Figure 3. Box-and-whisker plots of fat fraction (FFs) for vertebral bodies and paraspinal muscles derived from magnetic resonance spectroscopy. The boxplot shows the range in data between the 25th and 75th quantiles within the box, line within box indicates median, and outliers are indicated by points. Different lower-case letters, which are at the top of the box plot, indicate significant differences between groups (a–f; p < 0.05). The FFs of the lumbar vertebral bodies were significantly different according to the lumbar levels; the FFs of the caudal lumbar spine tended to be higher than those of the cranial lumbar spine. There was no significant difference in the FFs of the paraspinal muscles according to the lumbar levels.

Table 3

Table 3. Fat fracction of the lumbar vertebral bodies and paraspinal muscles derived from MRS according to each lumbar site.

3.2 Comparison between MRS, LAVA-FLEX, and IDEAL-IQ

Figure 4 shows FFs of the lumbar vertebral bodies and paraspinal muscles at each lumbar site derived from MRS, LAVA-FLEX, and IDEAL-IQ. For the FFs of the vertebral bodies, there was no significant difference among the three sequences except for the FF of the 5th lumbar vertebral body (Table 4). The average FF of the vertebral bodies was significantly different between sequences, showing highest value with LAVA-FLEX and the lowest value with MRS. The paraspinal muscle FFs were significantly different between sequences at all sites; they were the lowest with LAVA-FLEX and the highest with MRS. The average FFs of the paraspinal muscles showed the same pattern.

Figure 4

Figure 4. Box-and-whisker plots of fat fractions for (A) vertebral bodies and (B) paraspinal muscles derived from magnetic resonance spectroscopy (MRS), LAVA-FLEX and IDEAL-IQ. The boxplot shows the range in data between the 25th and 75th quantiles within the box, line within box indicates median, and outliers are indicated by points. Different lower-case letters, which are at the top of the box plot, indicate significant differences between groups (a, b, c; p < 0.05).

Table 4

Table 4. Comparison among LAVA-FLEX, IDEAL-IQ, and MRS for FF quantification of the lumbar vertebral bodies and paraspinal muscles.

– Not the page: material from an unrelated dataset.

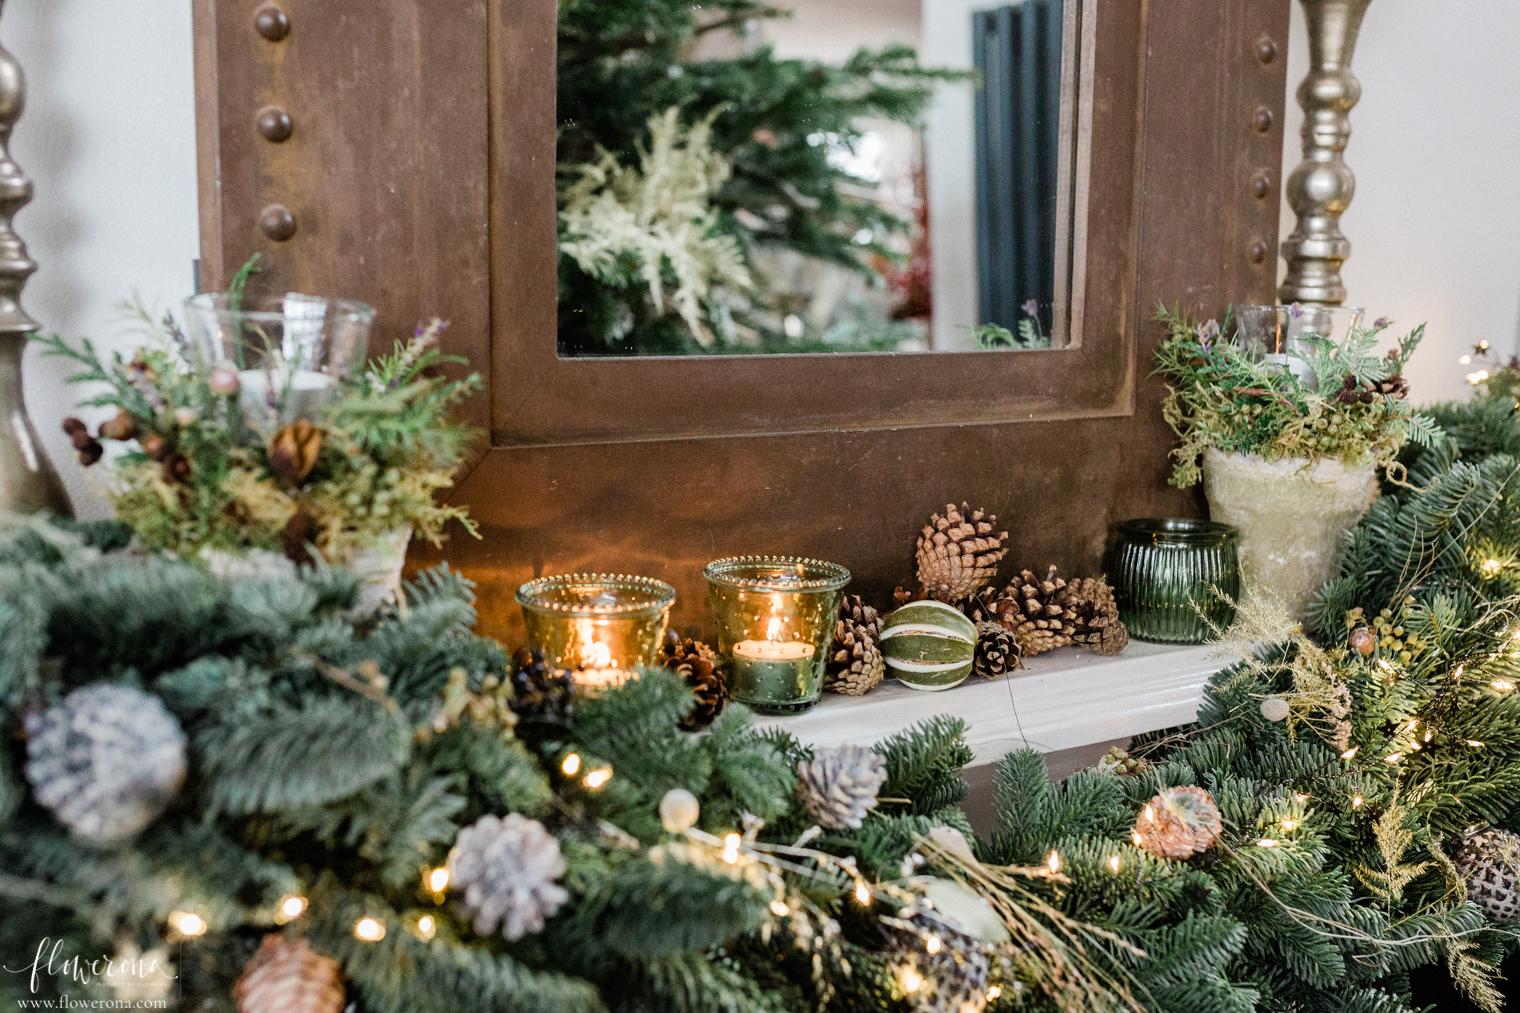 Festive mantelpiece

Although the absolute FFs of the vertebral bodies and paraspinal muscles did not match between the sequences, there was a significant correlation between each sequence. The correlation and agreement between LAVA-FLEX and IDEAL-IQ compared with MRS are shown in Table 5. IDEAL-IQ showed higher correlation and agreement with MRS for the FFs of the lumbar vertebral bodies and paraspinal muscles than LAVA-FLEX. A linear regression results showed a significant linear relationship between the FFs derived with LAVA-FLEX and MRS and between IDEAL-IQ and MRS (Figure 5).

Table 5

Table 5. Correlation and agreement between LAVA-FLEX and IDEAL-IQ compared with MRS for FF quantification of the lumbar vertebral bodies and paraspinal muscles.

Figure 5

Figure 5. Linear regression model for fat fractions (FF) obtained from Dixon MRI (LAVA-FLEX and IDEAL-IQ) and magnetic resonance spectroscopy (MRS). Scatterplots correlate FFs derived from (A) LAVA-FLEX, (B) IDEAL-IQ for vertebral body, and (C) LAVA-FLEX, (D) IDEAL-IQ for paraspinal muscle along the y-axis with fat fraction measured with MRS along the x-axis. Correlation coefficient (R²) was ranging from 0.23 to 0.69 for LAVA-FLEX and 0.72 to 0.88 for IDEAL-IQ.

3.3 Reproducibility and test–retest repeatability

Table 6 shows the intra- and interobserver reproducibility of the FF analysis using LAVA-FLEX and IDEAL-IQ. All the FFs showed an excellent inter- and intraobserver reproducibility. Table 7 summarizes the differences, CVs, Bland–Altman analysis, and ICCs of the FFs derived with LAVA-FLEX, IDEAL-IQ and MRS between the first and second scans. The FFs of the vertebral bodies derived from IDEAL-IQ and the FFs of the vertebral bodies and paraspinal muscles derived from MRS showed significant differences between the first and second scans. The general test–retest repeatability was low for all sequences; in particular, the paraspinal muscle FFs showed poor test–retest repeatability.

Table 6

Table 6. Intra- and interobserver reproducibility of FF analysis using LAVA-FLEX and IDEAL-IQ.

Table 7

Table 7. Difference, coefficient of variance, Bland–Altman agreement, and ICC of the vertebral body and paraspinal muscle fat fractions between the first and second scans.

4 Discussion

In this study, LAVA-FLEX and IDEAL-IQ showed excellent correlation and agreement with MRS for evaluating the FFs of the lumbar vertebral bodies and paraspinal muscles, which is consistent with the findings of previous human studies (12–15). However, the absolute FFs derived from LAVA-FLEX and IDEAL-IQ did not exactly match those derived from MRS, particularly in the paraspinal muscles. Our results showed that LAVA-FLEX and IDEAL-IQ slightly overestimated the FFs of the vertebral bodies, while they underestimated the FFs of the paravertebral muscles compared with the MRS. Although the exact cause of the difference between LAVA-FLEX or IDEAL-IQ and MRS is unknown, it May be explained by the multiple confounding factors for FF analysis in this study such as T2^* effects, magnetic field inhomogeneity, T1 effects, the presence of multiple peaks in the fat spectrum, and eddy current effects (14, 19–23).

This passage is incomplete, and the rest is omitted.